Outro fator que pode ter afastado os consumidores é a alta dos produtos importados por conta dos choques nas cadeias produtivas geradas pela pandemia e guerra na Ucrânia. Contudo, de acordo com Jonas Becker, coordenador da Absolar (Associação Brasileira de Energia Solar) no Ceará, os custos dos equipamentos já estão apresentando tendência de queda após algumas variações de preço no frete marítimo. 

“No último ano, tivemos um reajuste significativo pelo aumento do frete por conta da pandemia, guerra, e o frete marítimo foi o que mais aumentou. Isso encareceu o equipamento, mas o valor vem diminuindo a partir da regularização. Então, o preço dos equipamentos, em previsão a partir do segundo trimestre, devem ficar mais baratos, até porque o dólar segue bem estável”, disse o coordenador da Absolar.

A perspectiva foi confirmada por Hanter Pessoas, que apontou uma possível oportunidade de economia relacionada aos custos para os clientes buscando contratar projetos ainda no começo deste ano.

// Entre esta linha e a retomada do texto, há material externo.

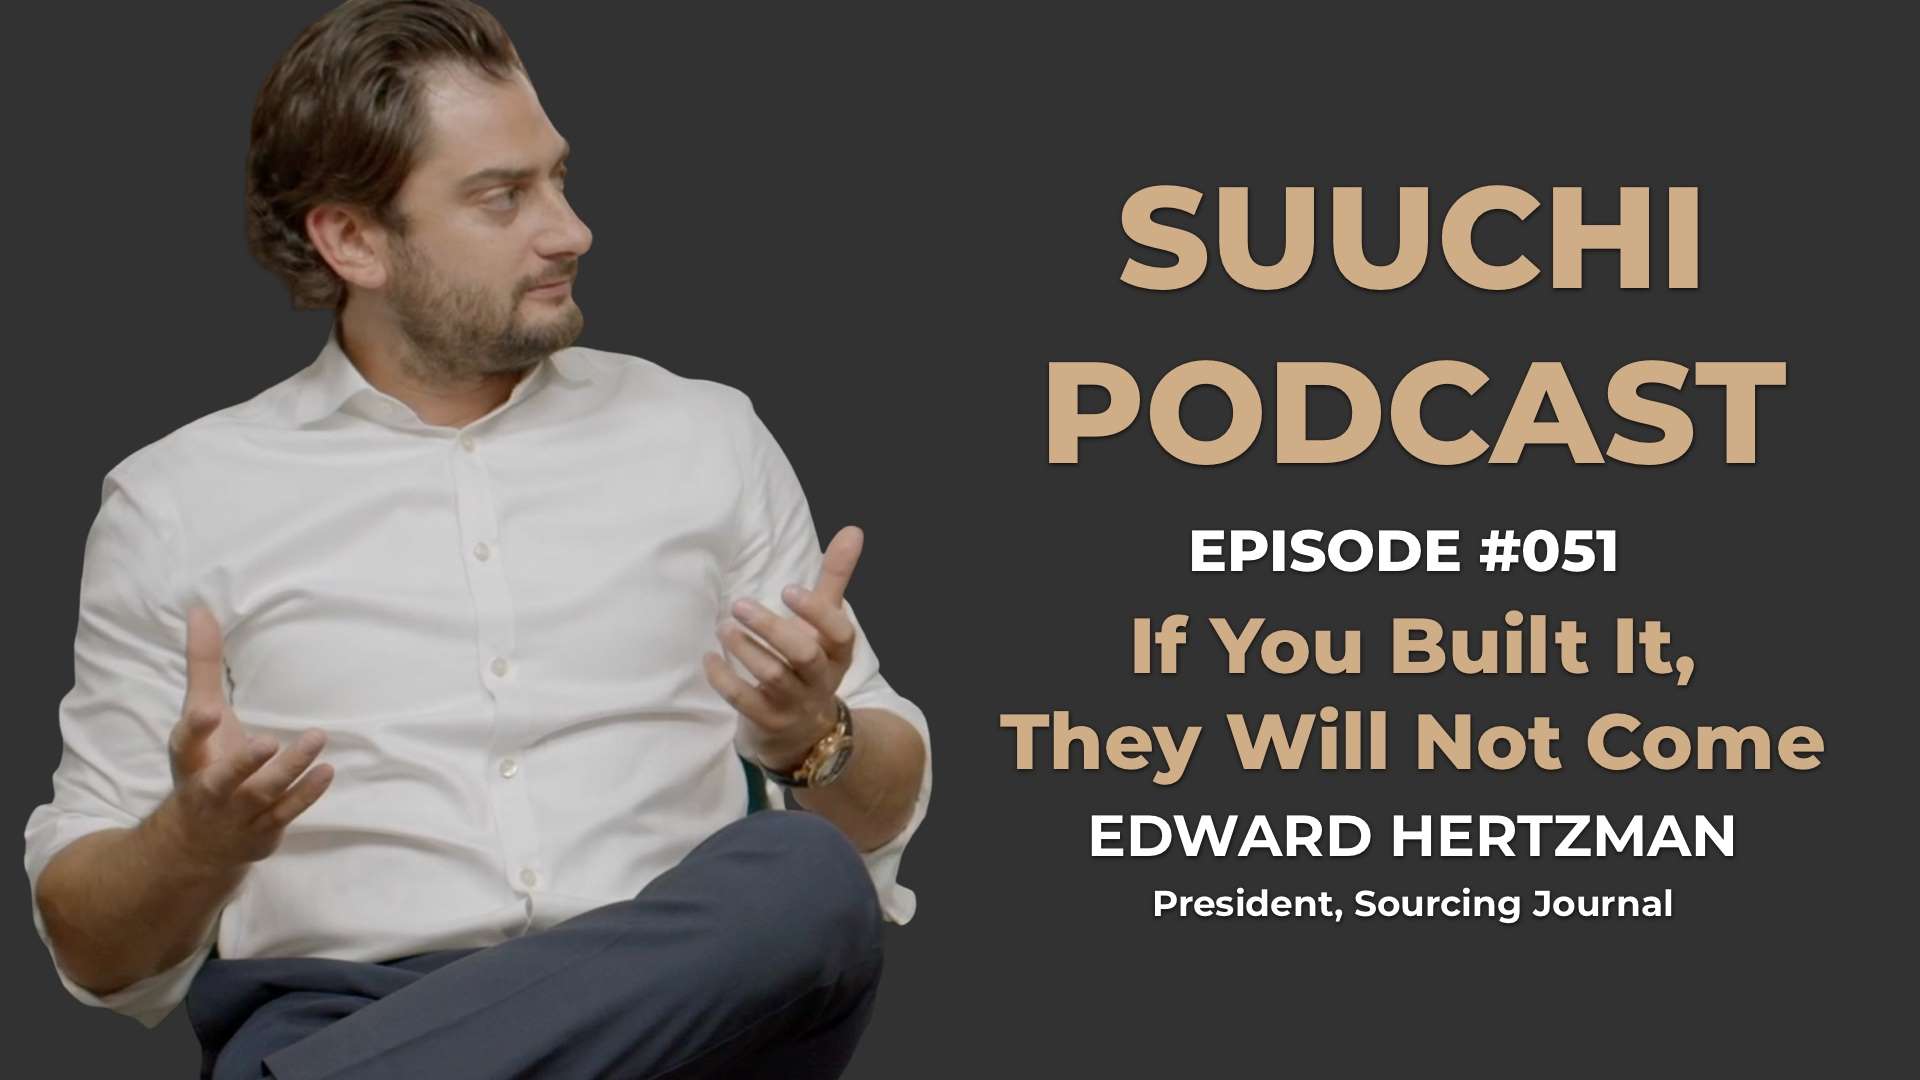 Suuchi Podcast #51: If You Build It, They Will Not Come - Edward Hertzman

Segundo o diretor do Sindienergia, nesse momento, por conta das compras feitas ainda no ano passado pelas empresas, os projetos podem ser fechados com 5% de desconto em relação aos últimos meses do ano passado. 

“Hoje, para quem quer fazer energia solar agora está mais em conta do que em dezembro. Foi importado muito material em dezembro, e apesar de se vender muito, os estoques não baixaram acima do nível que se esperava, então os preços estão excelentes no momento. A tendência é diminuir essa vantagem até porque o mercado deu uma desacelerada. Demanda e oferta é demanda de preço”, completou. 

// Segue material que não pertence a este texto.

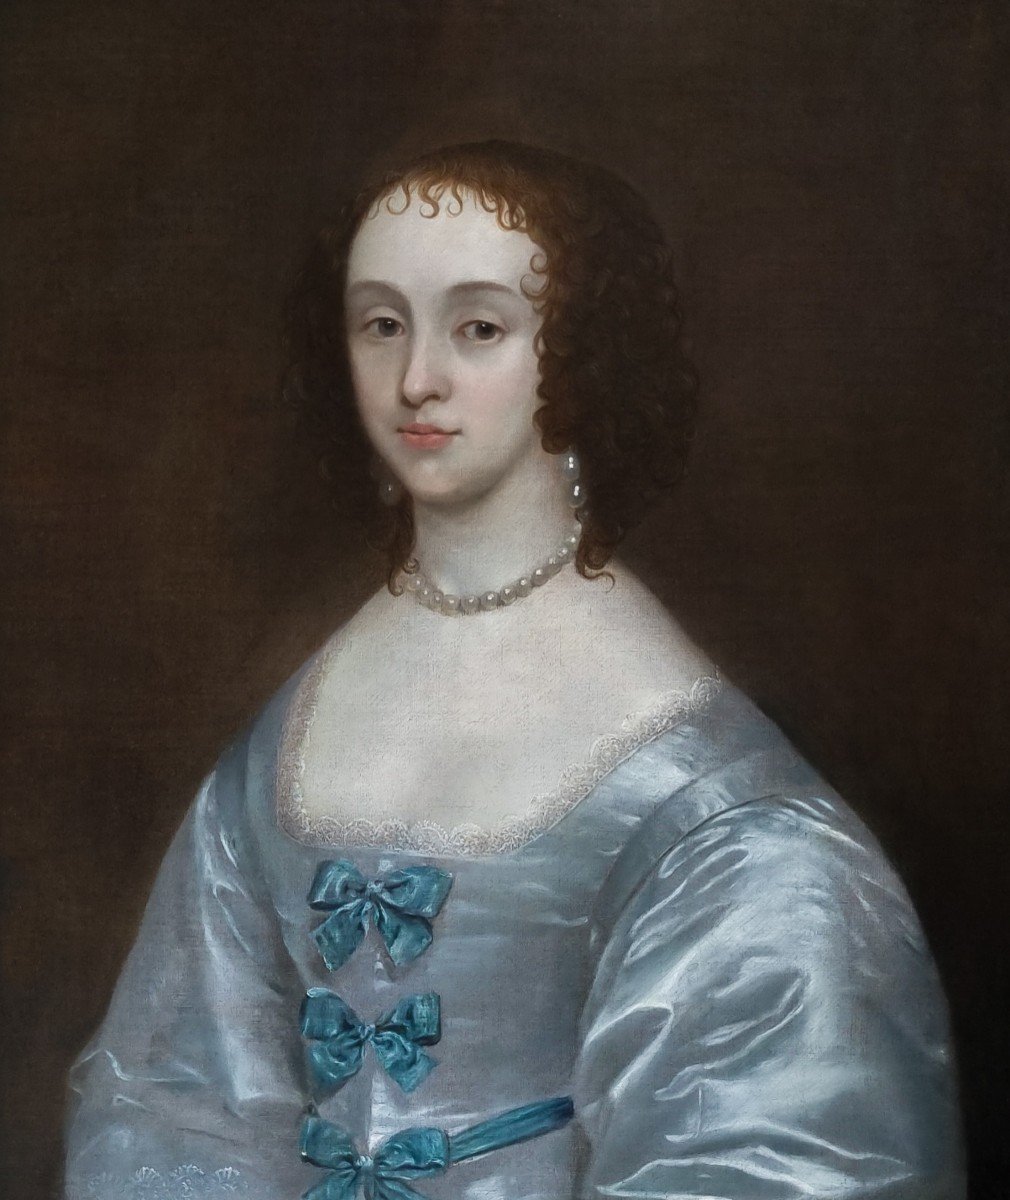 Portrait Of A Lady, Katherine St Aubyn Godolphin C.1637, Antique Painting Oil On Canvas-photo-3

“Alguns clientes que não fizeram projetos em outubro e dezembro, estão se interessando porque os preços estão 5% mais baratos e competitivos em relação até ao fim do ano passado”, disse o diretor de geração.

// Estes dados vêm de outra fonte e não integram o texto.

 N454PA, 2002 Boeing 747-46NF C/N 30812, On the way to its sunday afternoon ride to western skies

Mesmo com o cenário positivo de oportunidades para os clientes, Jonas Becker relatou que o setor ainda vive o desafio, como outros segmentos da economia, de lidar com os juros altos. Esse cenário tem ajudado a frear a taxa de evolução do mercado e pode ser um bloqueio a mais para novos investidores e empreendedores.  

“O maior problema do setor é o juro alto, porque isso afeta tudo, são produtos de alto valor agregado. O setor ele está passando por uma readequação, ele exige uma engenharia regulatória muito grande e isso exige mão de obra e preparo, e com o setor se tornando mais complexo ele vai se tornando mais seletivo, fica mais difícil para os aventureiros entrarem. Ter esse amadurecimento é natural, então muita gente entra e muita gente sai”, explicou.

Mas isso não deverá impedir o setor de geração de energia solar de ter resultados positivos no ano. Hanter Pessoa projetou uma estabilidade em relação ao desempenho registrado em 2022. No entanto, essa projeção não representaria um dado negativo, considerando que houve um crescimento de 100% entre 2021 e 2022. 

“Não prevemos um crescimento até porque o ano passado tivemos um crescimento muito grande, de 100%, então achamos que teremos um resultado muito próximo do ano passado. A gente enxerga que não devemos crescer, mas devemos manter o resultado do ano passado, que foi um ano muito forte”, disse.

“Tanto que estamos vendo novas equipes de distribuição entrando no mercado, até por conta da demanda por essa questão ambiental. A gente sabe que as pessoas estão atentas às contas do começo do ano, mas estamos prevendo um certo crescimento na busca pela geração de energia”, finalizou.